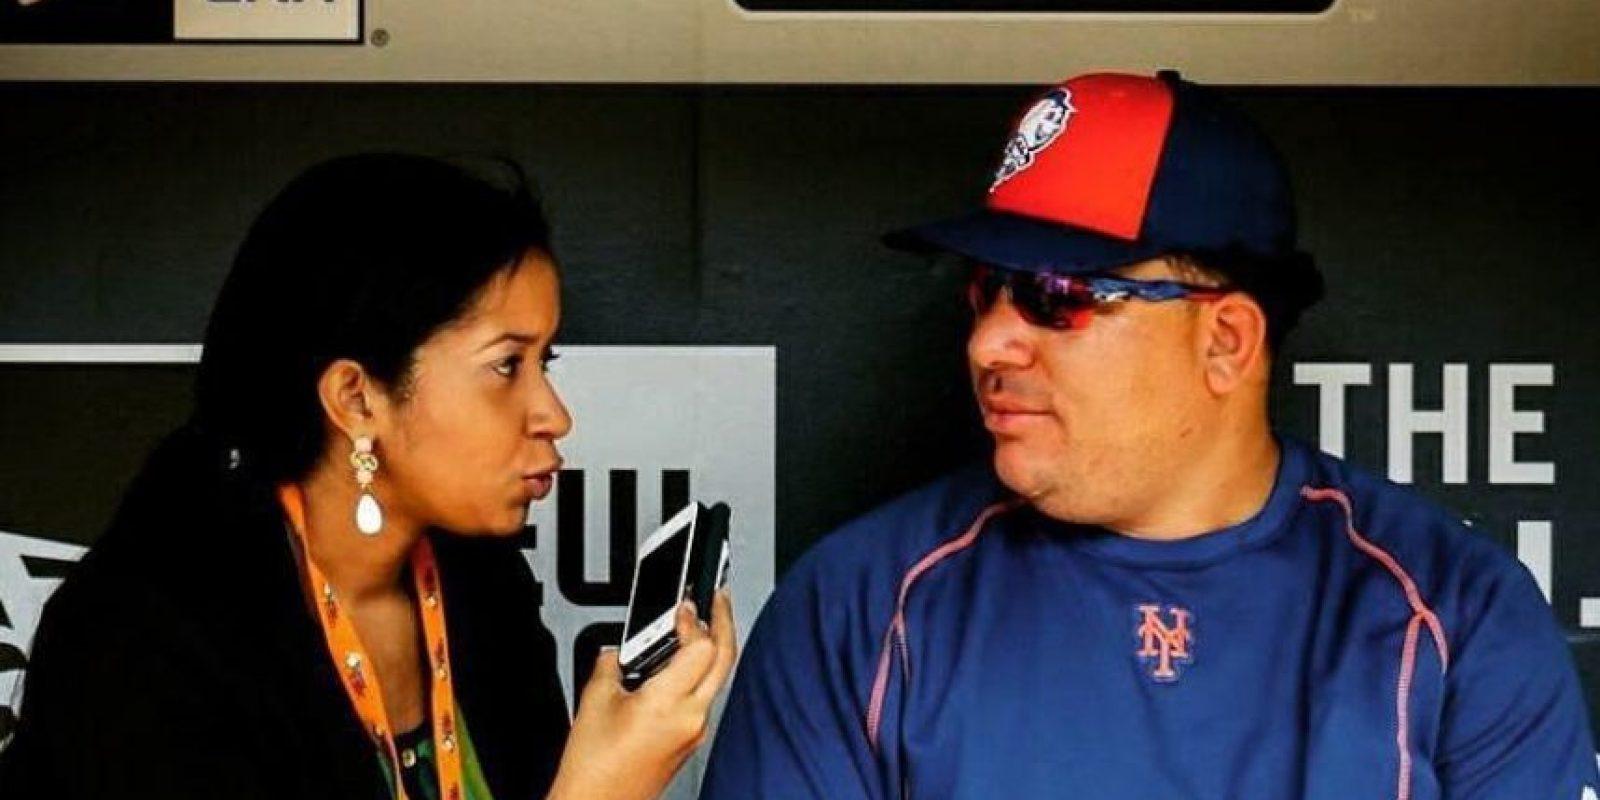 Morillo entrevista al lanzador de los Metros de Nueva York Bartolo Colón durante la presente temporada de Grandes Ligas. Foto:Fuente Externa
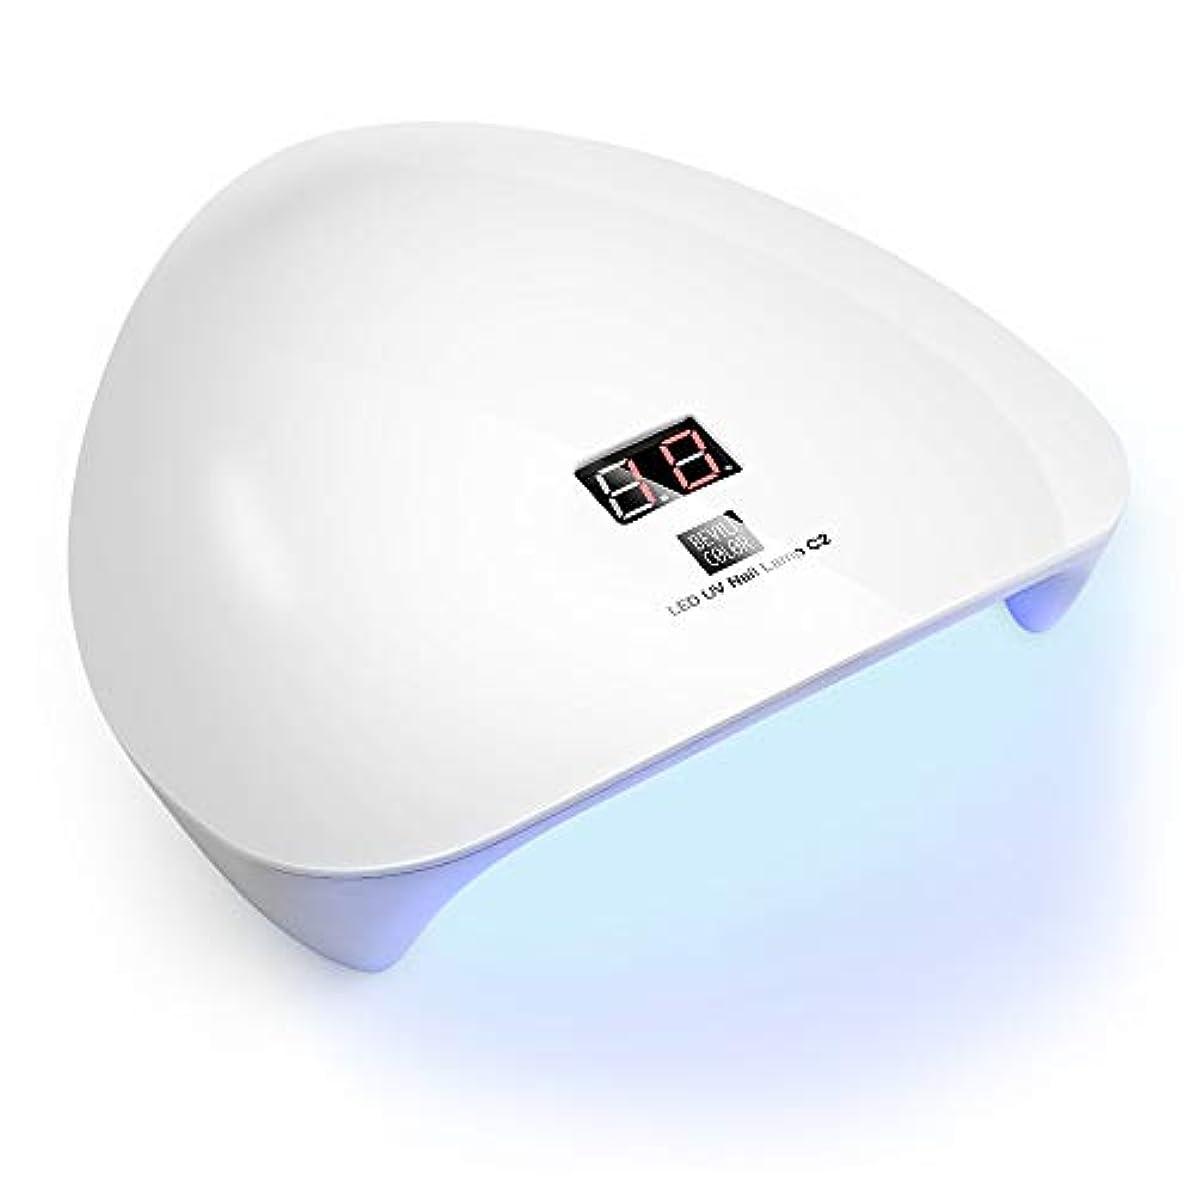 着替える電報メガロポリスWEVILI ネイル硬化用ライト UVライト LEDライト UVライトネイルドライヤー マニキュア用 LED ネイルドライヤー タイマー機能 自動センサー機能 レジン 便利 (45W 硬化用UVライト)
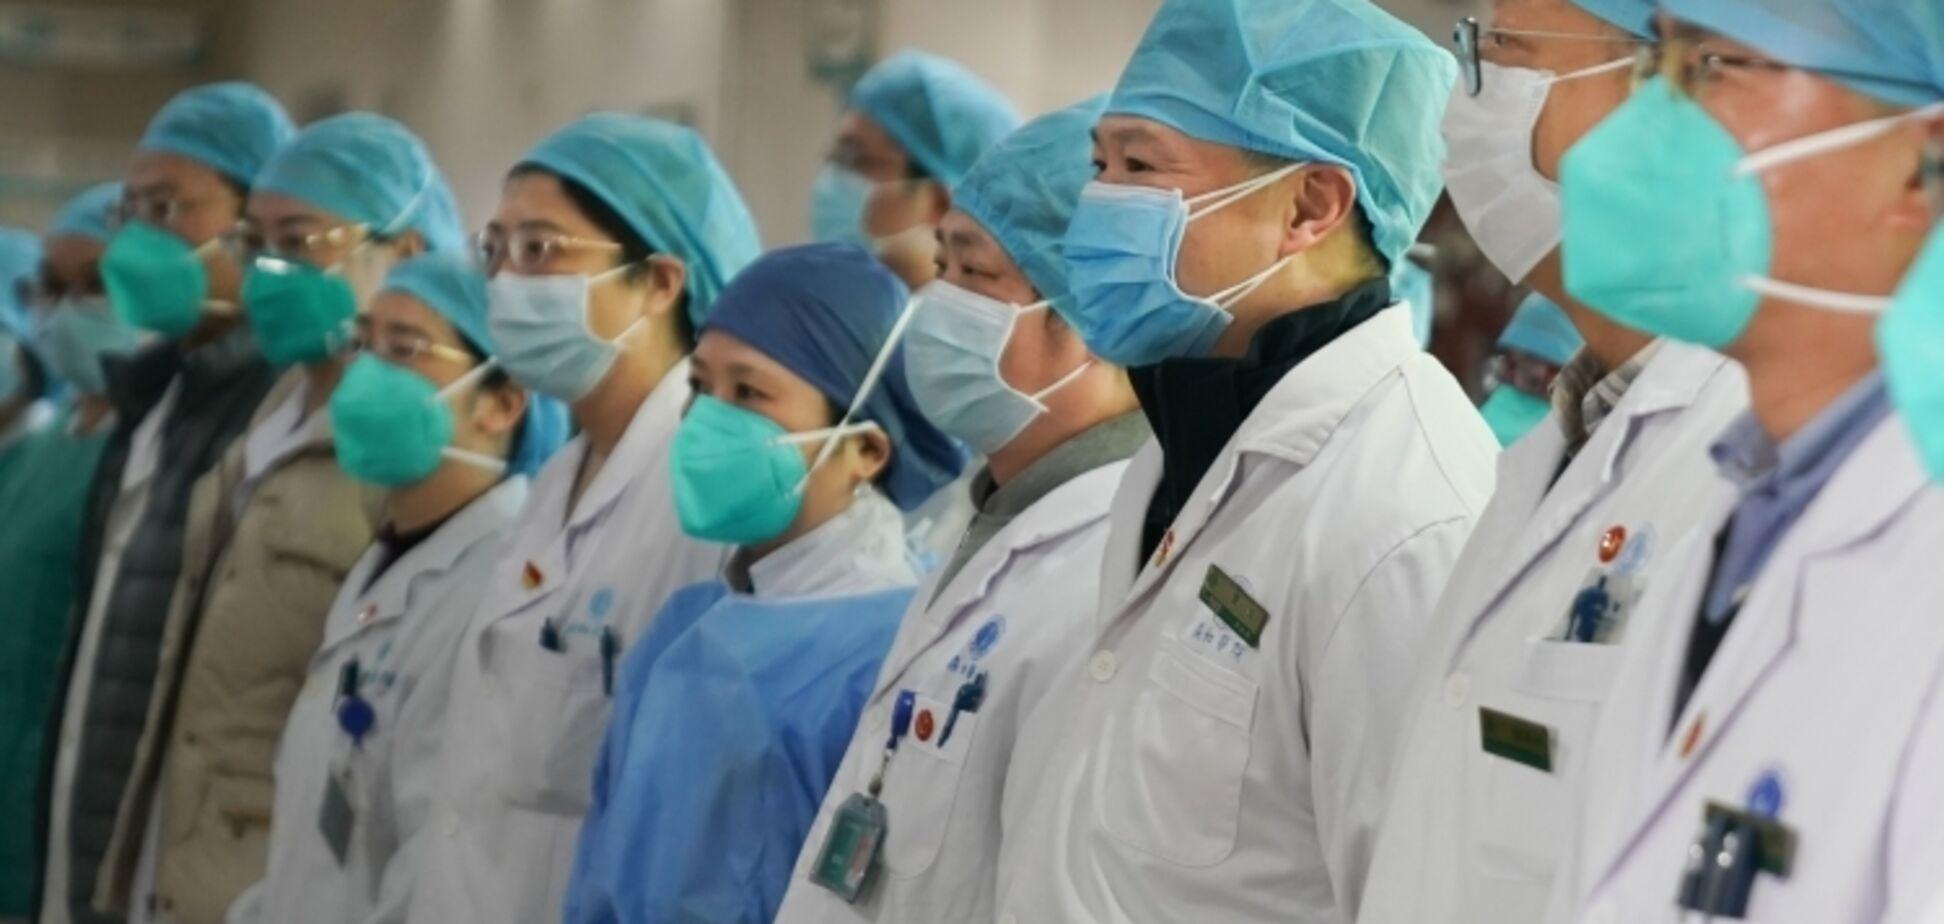 Коронавірус поширюється: ще три країни підтвердили випадки захворювання

### About this task
Exact lines, nothing more: output the one with "着替える電報メガロポリスWEVILI ネイル硬化用ライト UVライト" and every later line through the end of the data, skipping pictures.

### Result of this task
 着替える電報メガロポリスWEVILI ネイル硬化用ライト UVライト LEDライト UVライトネイルドライヤー マニキュア用 LED ネイルドライヤー タイマー機能 自動センサー機能 レジン 便利 (45W 硬化用UVライト)
 Коронавірус поширюється: ще три країни підтвердили випадки захворювання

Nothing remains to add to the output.